The results of this work also show the concurrent validity of the reduced scale of 16 items, which showed a high correlation with the full scale of 32 items. Levy's corrected correlation and the Gower index revealed high concurrence between both forms, with values above 0.90. These results are slightly higher than those obtained in other studies that also showed a high degree of agreement between long and short forms of such scales (Gogol et al., 2014; Lafontaine et al., 2016).

The high values of the reliability coefficients, estimated according to the assumptions of the SEM model used, are also striking for both the long and short whole scales and subscales. These values were higher than 0.90 and reached values of 0.98 and 0.97 for the whole scales. The Congeneric Correlated Factors procedure (Cho, 2016) was applied in consideration of there being different factor loadings to obtain the values of multidimensional reliability coefficients apart from Cronbach's alpha, which supposes that all factor loadings are equal (i.e., tau-equivalents), and thus underestimates the reliability.

On the other hand, the results also showed moderate, significant correlations between both the long and short versions of the scale with academic performance, taking individual and aggregate data in classes or sections.

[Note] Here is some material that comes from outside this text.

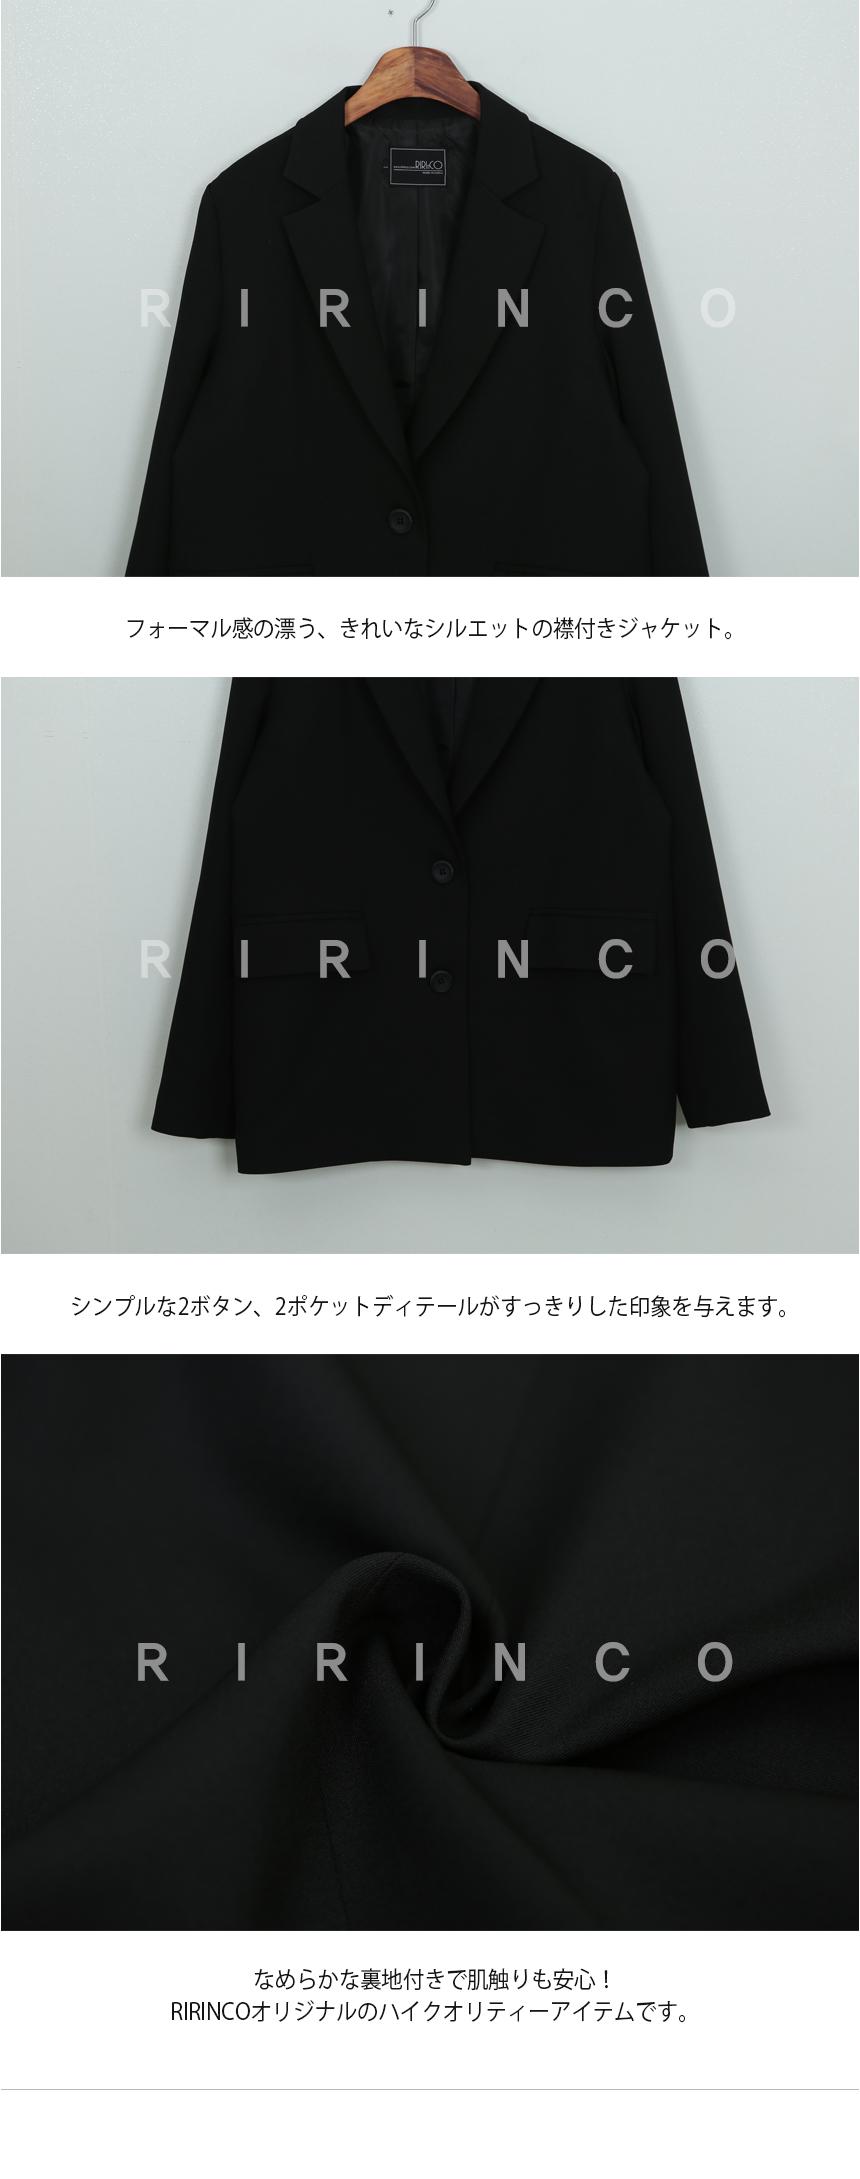 RIRINCO クラシックパンツ

The evidence in support of student evaluations of teaching as a measure of teachers' instruction effectiveness comes from studies showing correlations between measures of student evaluation and student achievement, a strong test for criterion validity.

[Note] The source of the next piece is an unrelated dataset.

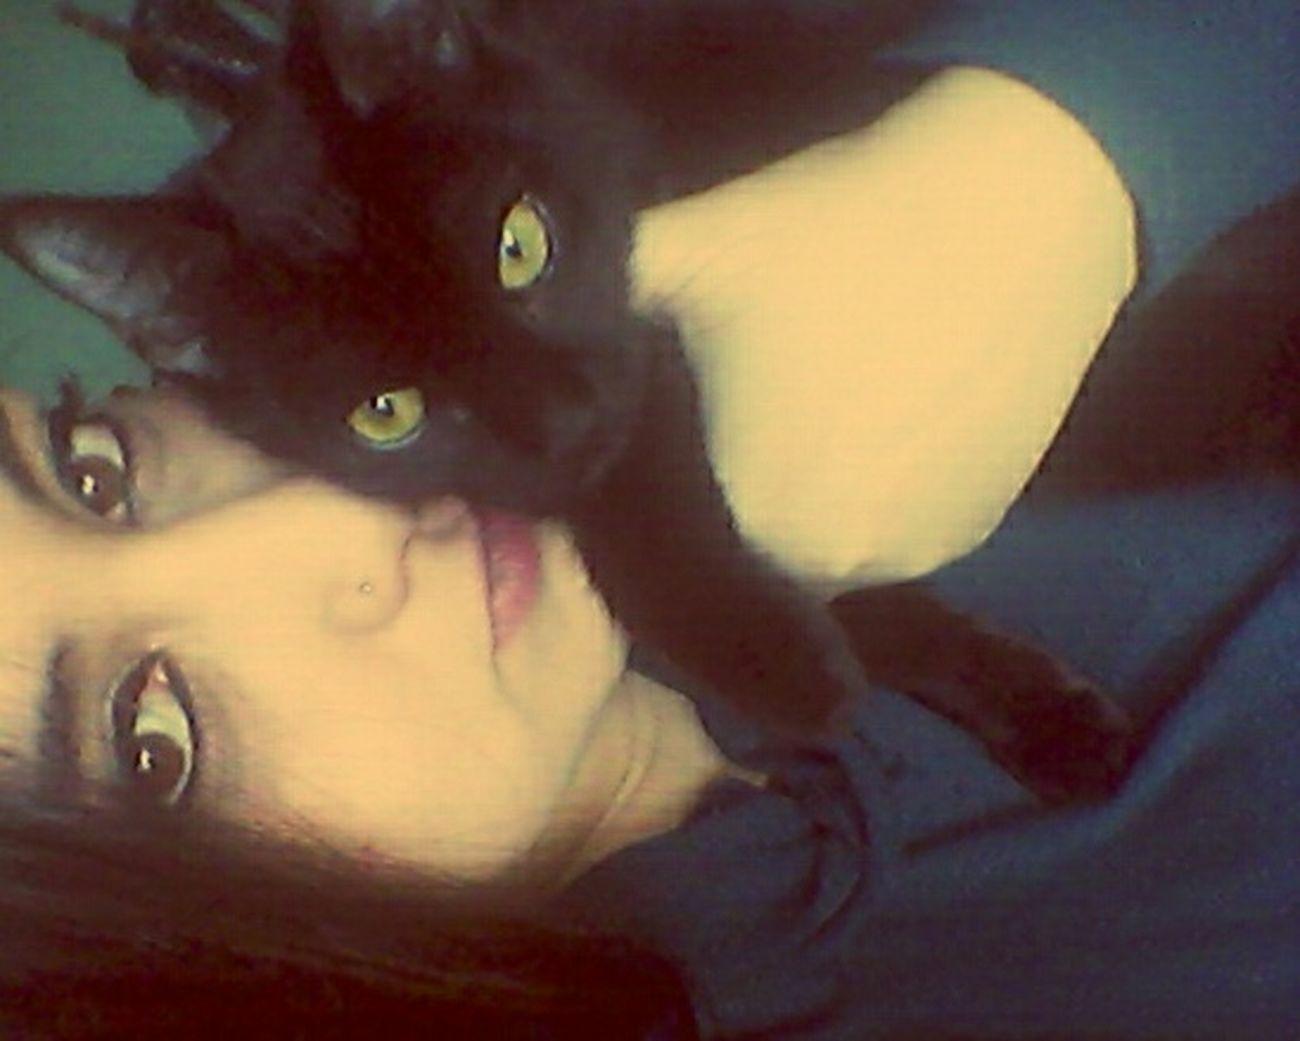 Te extraño u.u Cat♡ Cat Lovers Gatito BLackCat Eyes Green Eyes Gatito Negro Gatto Gattonero Ilovemycat Teextraño

The results obtained with aggregate data, taking the section as the unit of analysis, showed a moderate and statistically significant correlation (0.26) between student ratings and final performance. This result is expected from studies of instructors' teaching effectiveness, in which it is considered that multisection studies are more appropriate for apprehending the true relationship between student evaluations of teaching and academic performance (Cohen, 1981; Uttl et al., 2017).

However, the relationship of the students' evaluation of teaching with their academic performance is lower than that found in some previous meta-analytic studies (Cohen, 1981), but higher than that found in the meta-analysis of Uttl et al. (2017) of the studies published to that date, when small study size effects and prior academic achievement were considered. Taken together, the results demonstrated the good psychometric qualities of the Teacher Evaluation Questionnaire of the National Polytechnic School and its construct and criterion validity, as well as its high reliability. In addition, the psychometric indices of the short version of this scale suggest the possibility of developing short scales of three or four items that are equally reliable and valid.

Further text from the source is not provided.